■ **Required action**: Reproduce exactly the lines of the material beneath, from the line that contains "LED-Deko-Glocke mit Tannenbäumen" to the line that contains "GEARVN - Trang", both included, and no other lines.

■ **Records to use**:

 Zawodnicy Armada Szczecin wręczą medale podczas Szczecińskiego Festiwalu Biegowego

--

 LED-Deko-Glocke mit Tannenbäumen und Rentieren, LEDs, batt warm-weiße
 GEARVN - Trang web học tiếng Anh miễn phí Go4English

■ **Final answer**:
 LED-Deko-Glocke mit Tannenbäumen und Rentieren, LEDs, batt warm-weiße
 GEARVN - Trang web học tiếng Anh miễn phí Go4English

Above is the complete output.